15.4 Loading the Data

Write a sub called LoadTripRecords that executes the following tasks.

  1. Determine the values of public variables numRows and numCols using the functions countNumberOfRows and countNumberOfColumns, respectively. For both functions, use the worksheet name stored in WS_TRIPS as an argument.
  2. Dimension the dynamic array tripRecords so that it has numRows rows and numCols columns. In other words, it now has numCols \(\times\) numRows elements.
  3. Store all the data (i.e., headings and values) from worksheet WS_TRIPS into the public array tripRecords.

15.5 Cleaning the Data

  1. Write a function called IsRowValid to check if a row from the array tripRecords contains valid data. This function receives a row number as a parameter row (Long) and returns True (i.e., a Boolean type) only if:

    • trip_distance is higher than 0, and
    • fare_amount is higher than 0, and
    • passenger_count is higher than 0.

    Tip: Notice that the first three data rows of worksheet WS_TRIPS are invalid.

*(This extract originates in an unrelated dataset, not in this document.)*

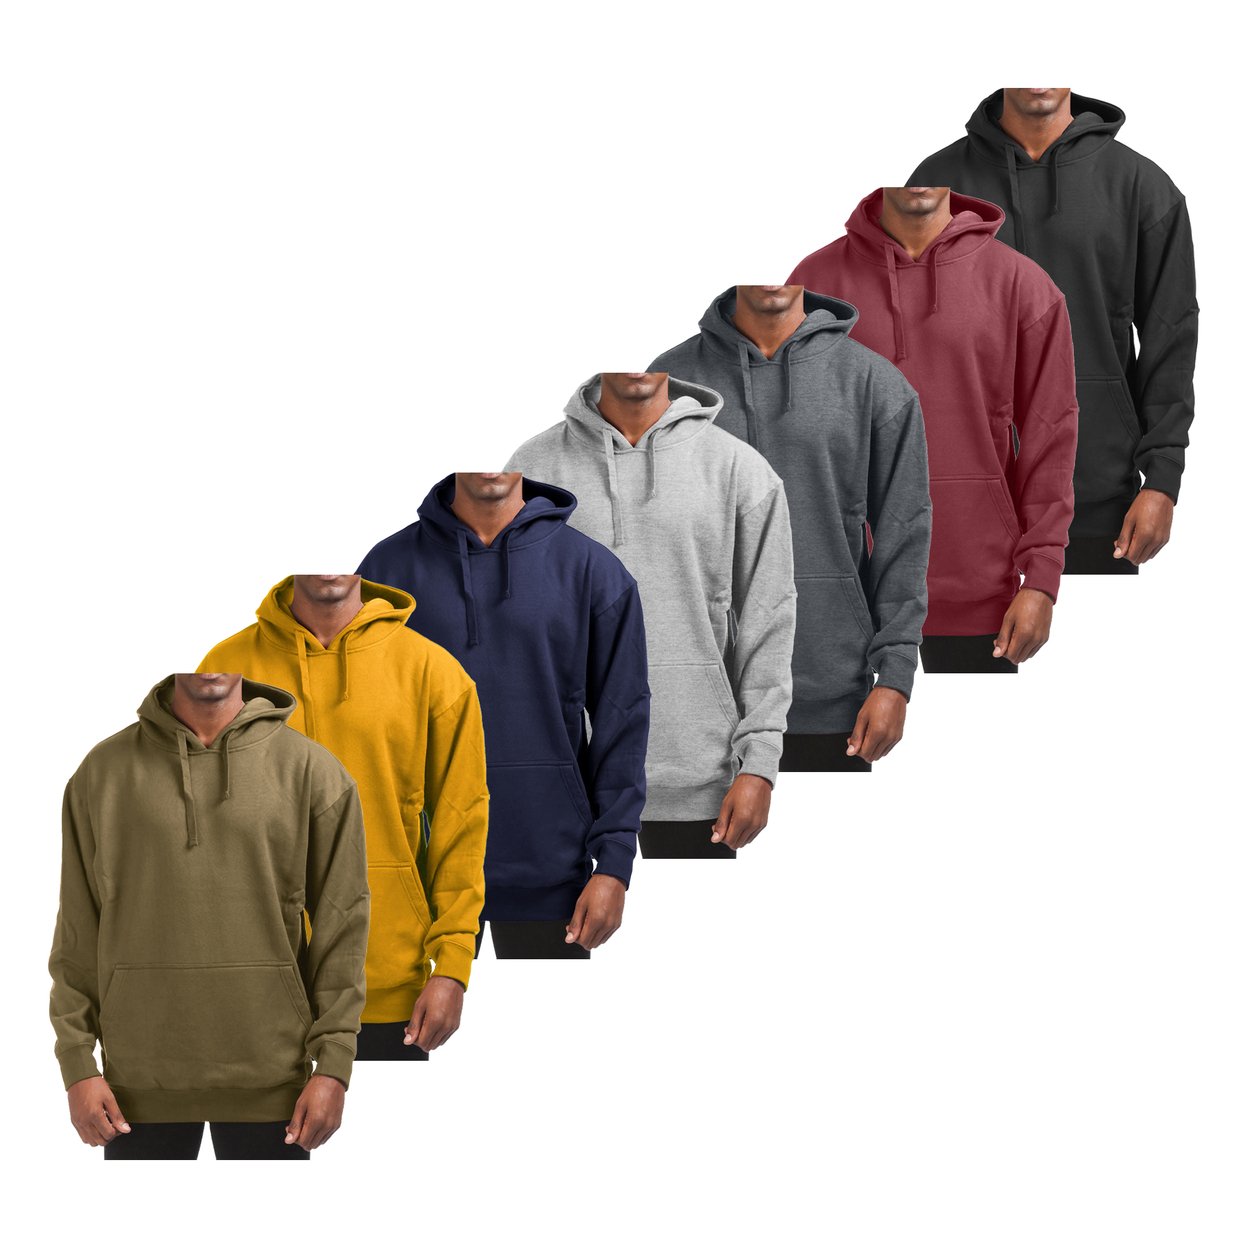 2-Pack: Men's Super-Soft Winter Warm Cotton-Blend Fleece Pullover Hoodie With Kangaroo Pocket - Black & Red, 3x-large

  2. Create a Sub called CleanInvalidTrips that fills the public array cleanedTripRecords with only the valid rows from array tripRecords (use the IsRowValid function).

15.6 Writing the Data

  1. Create a Sub called WriteValidTripRecords that writes the contents of the public array cleanedTripRecords in worksheet WS_TRIPS_CLEANED.
  2. Add a button to the worksheet WS_TRIPS in column M with the caption “Clean trip records”, which, when clicked, executes a sub called SaveCleanData that:
    • Calls LoadTripRecords.
    • Calls CleanInvalidTrips.
    • Calls WriteValidTripRecords.
    • Shows a message box with the message “ rows have been cleaned.”, where “” corresponds to the difference in the number of rows between public arrays tripRecords and cleanedTripRecords.